____ SUPPLIED MATERIAL

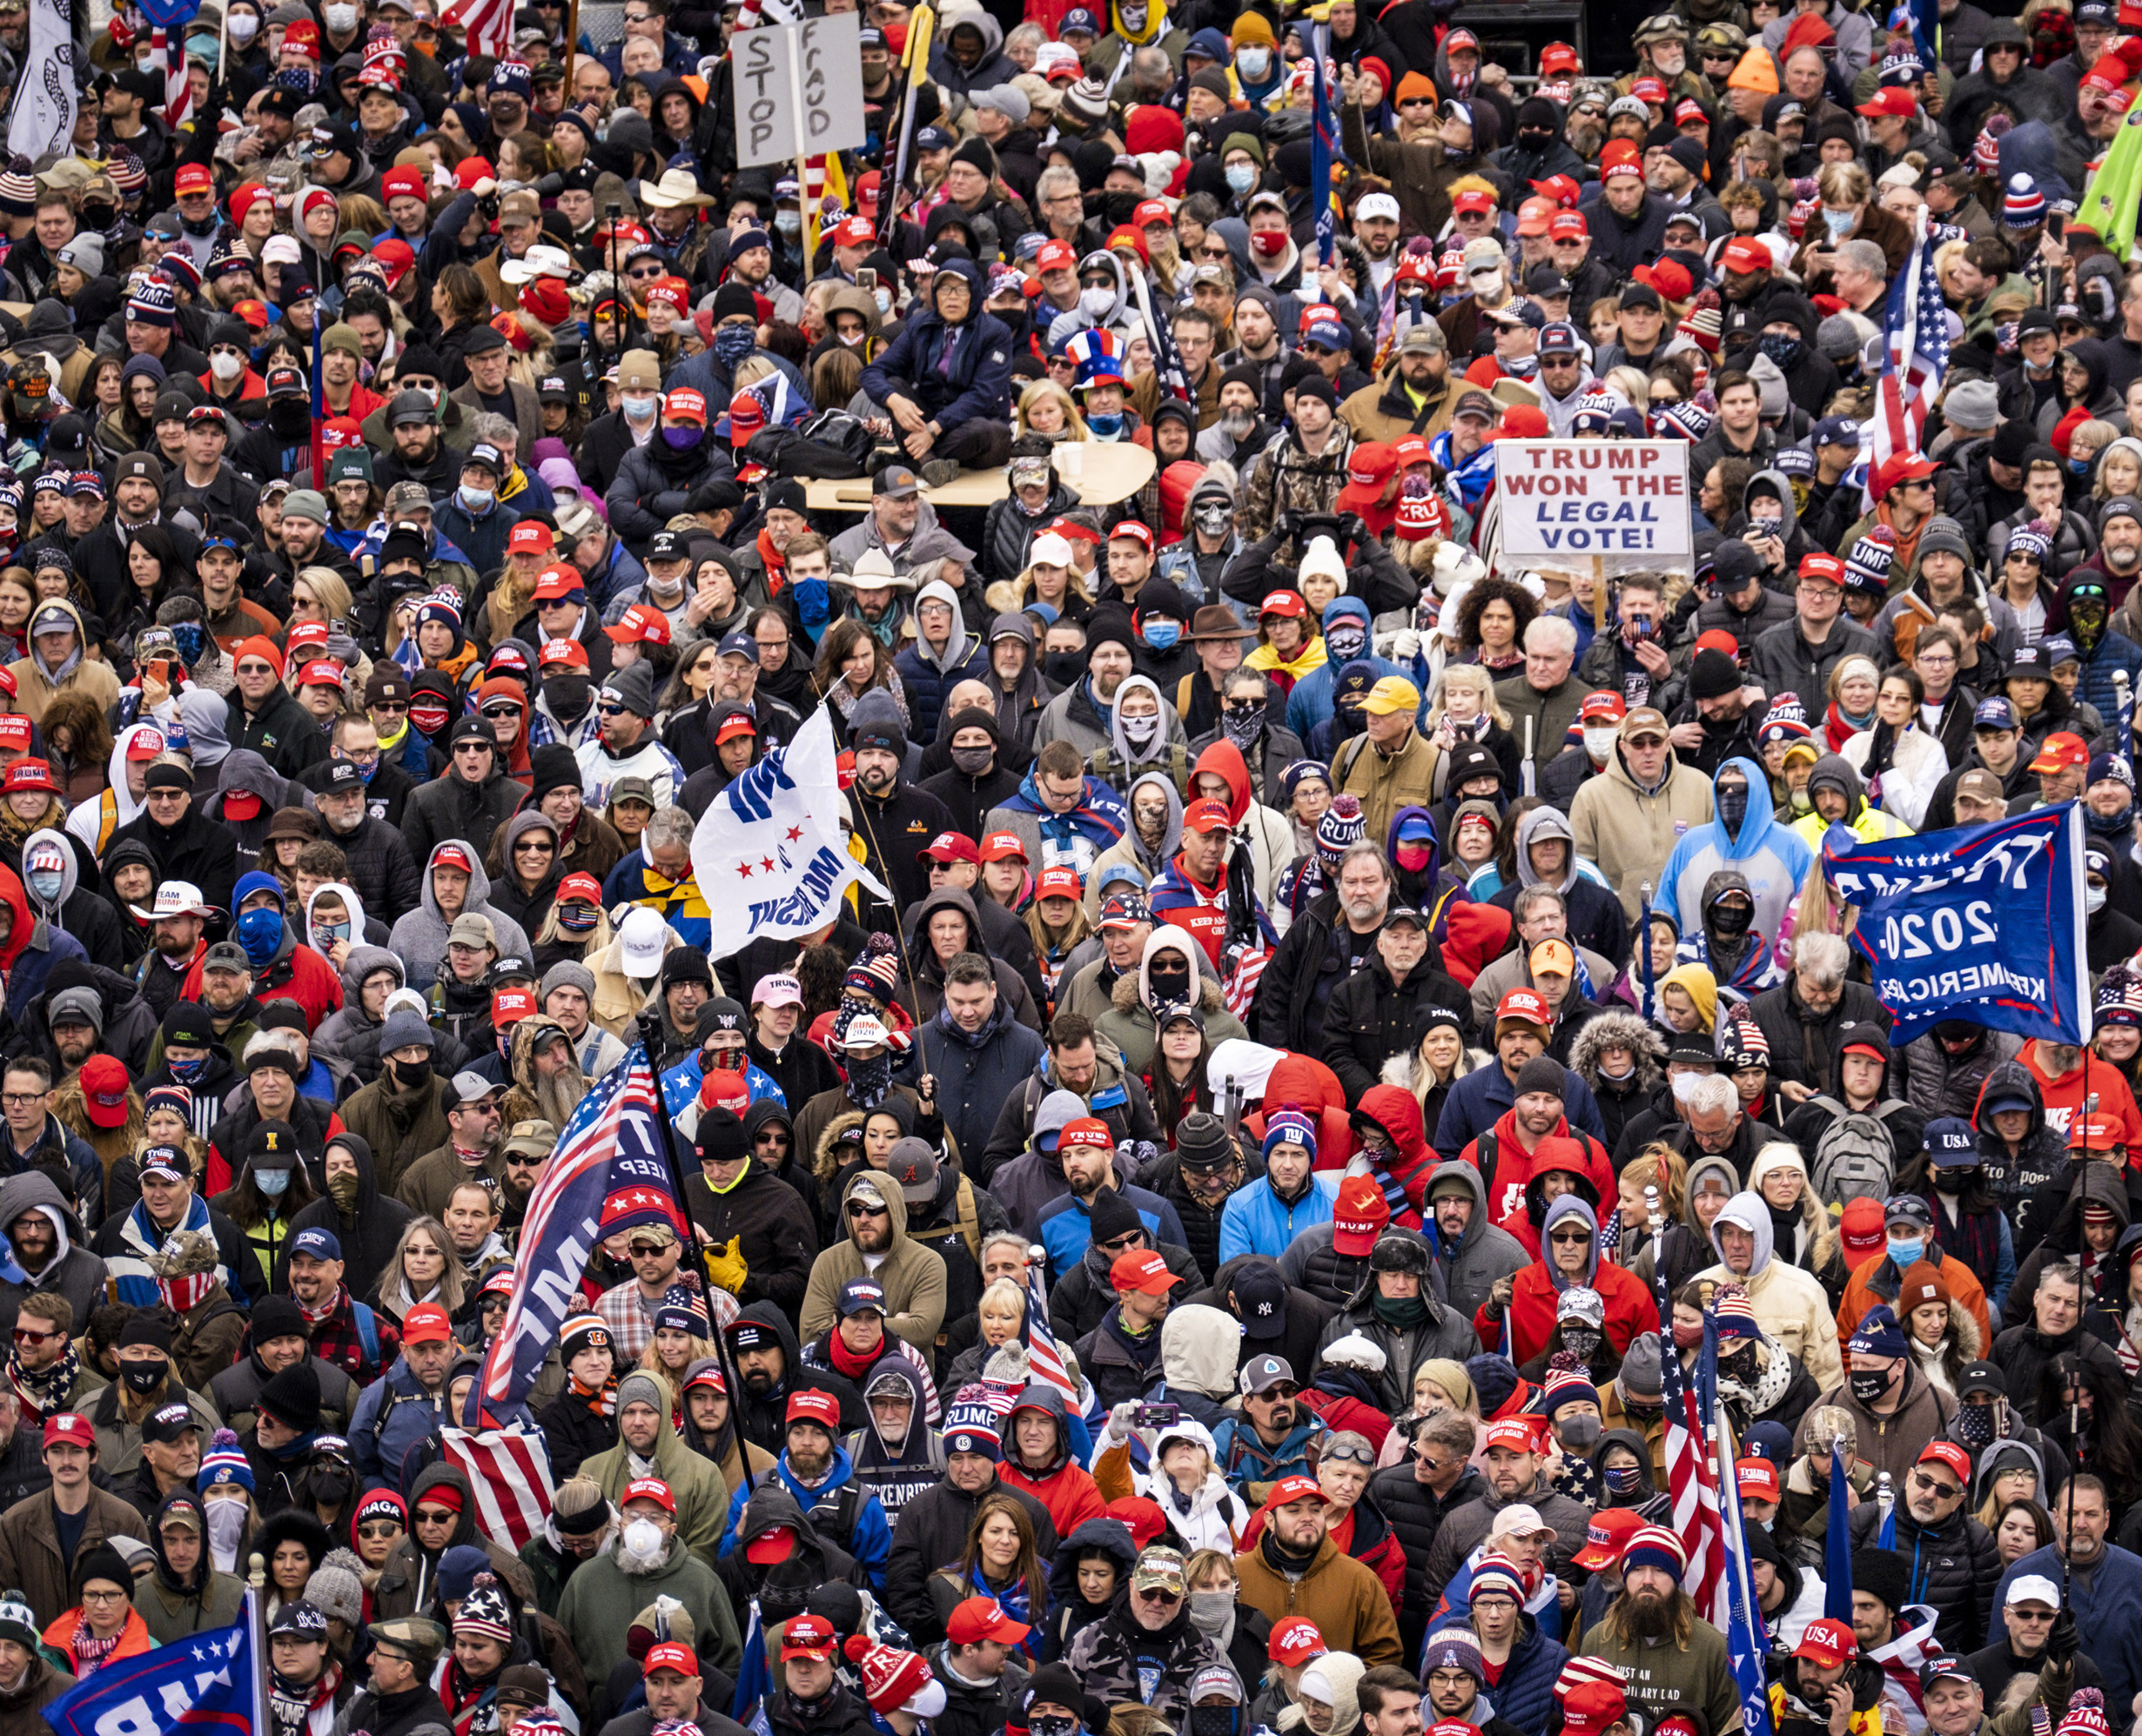 PHOTO: Supporters of President Donald Trump rally in Washington in the hours before the Capitol was invaded by a mob, on Jan. 6, 2021.
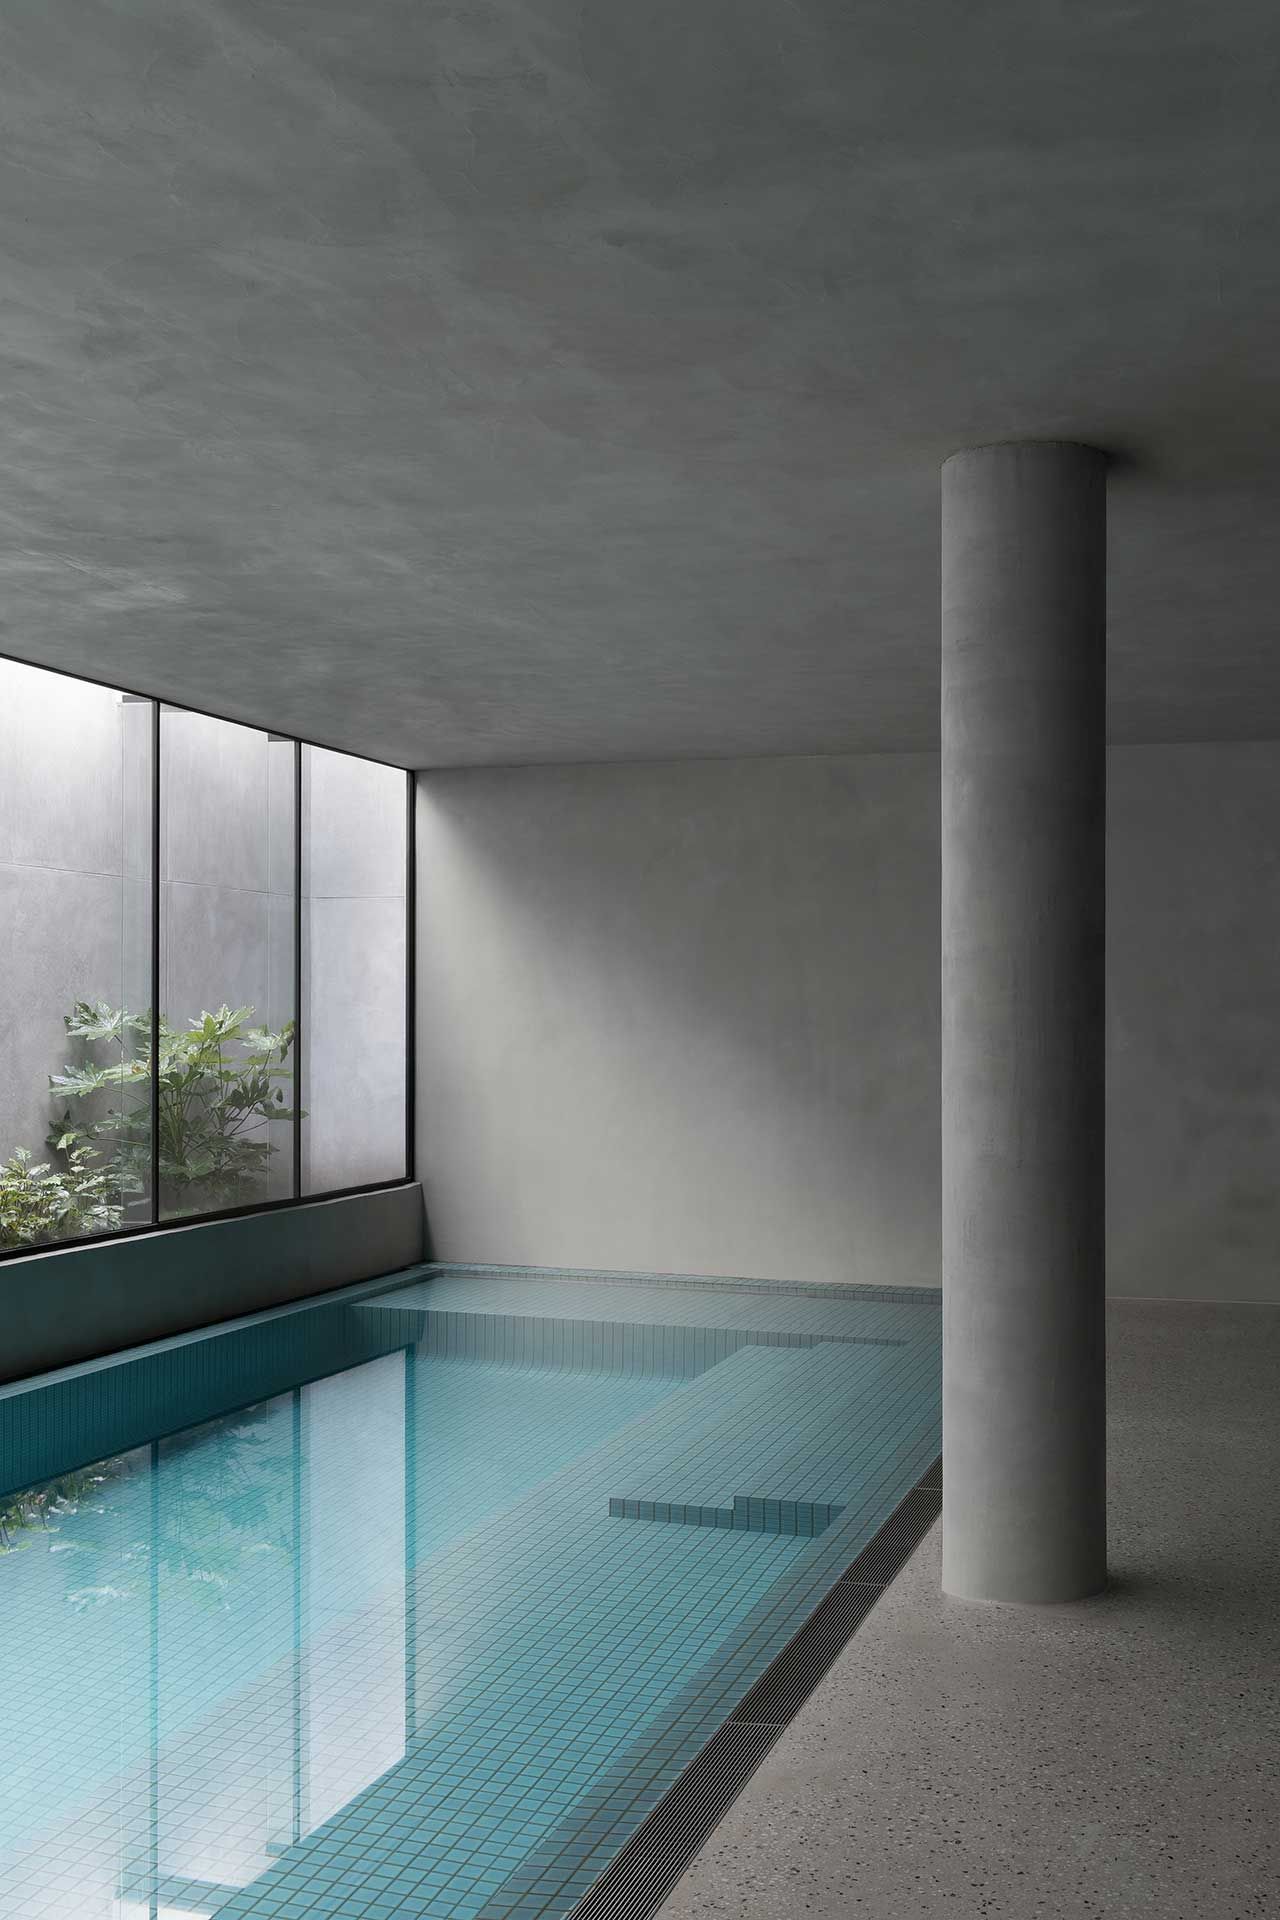 Discover the Benefits of Having an Indoor
Pool in Your Home
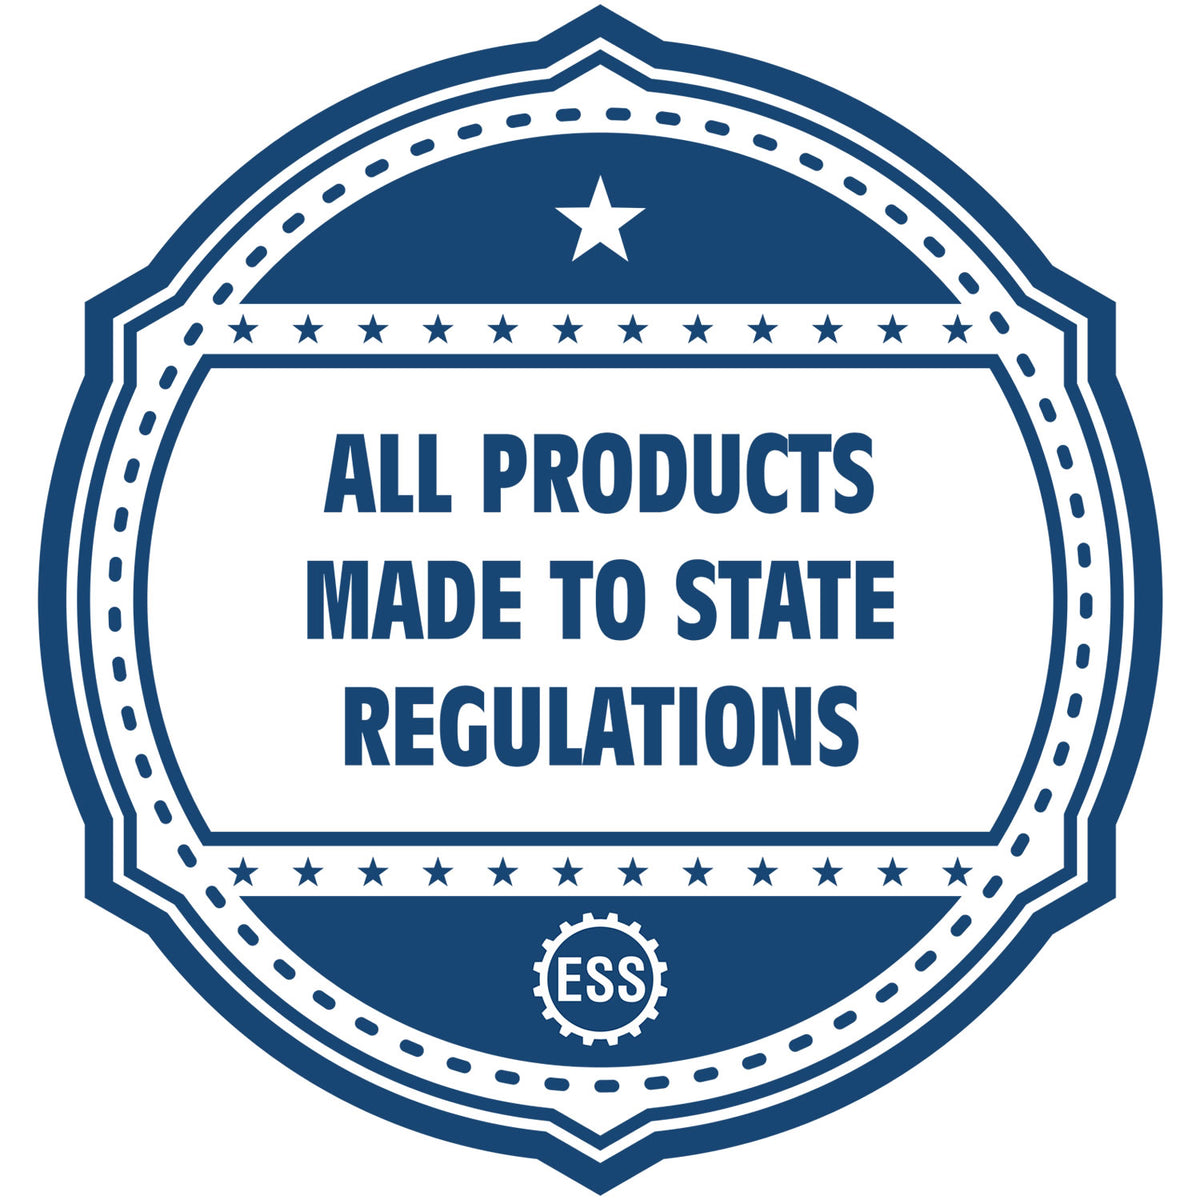 An icon or badge element for the Self-Inking Rectangular Florida Notary Stamp showing that this product is made in compliance with state regulations.

________

# AIM OF THE EXERCISE
Everything but the pictures is needed: copy the data above exactly.

# REPLY
 PHOTO: Supporters of President Donald Trump rally in Washington in the hours before the Capitol was invaded by a mob, on Jan. 6, 2021.
 Discover the Benefits of Having an Indoor
Pool in Your Home
 An icon or badge element for the Self-Inking Rectangular Florida Notary Stamp showing that this product is made in compliance with state regulations.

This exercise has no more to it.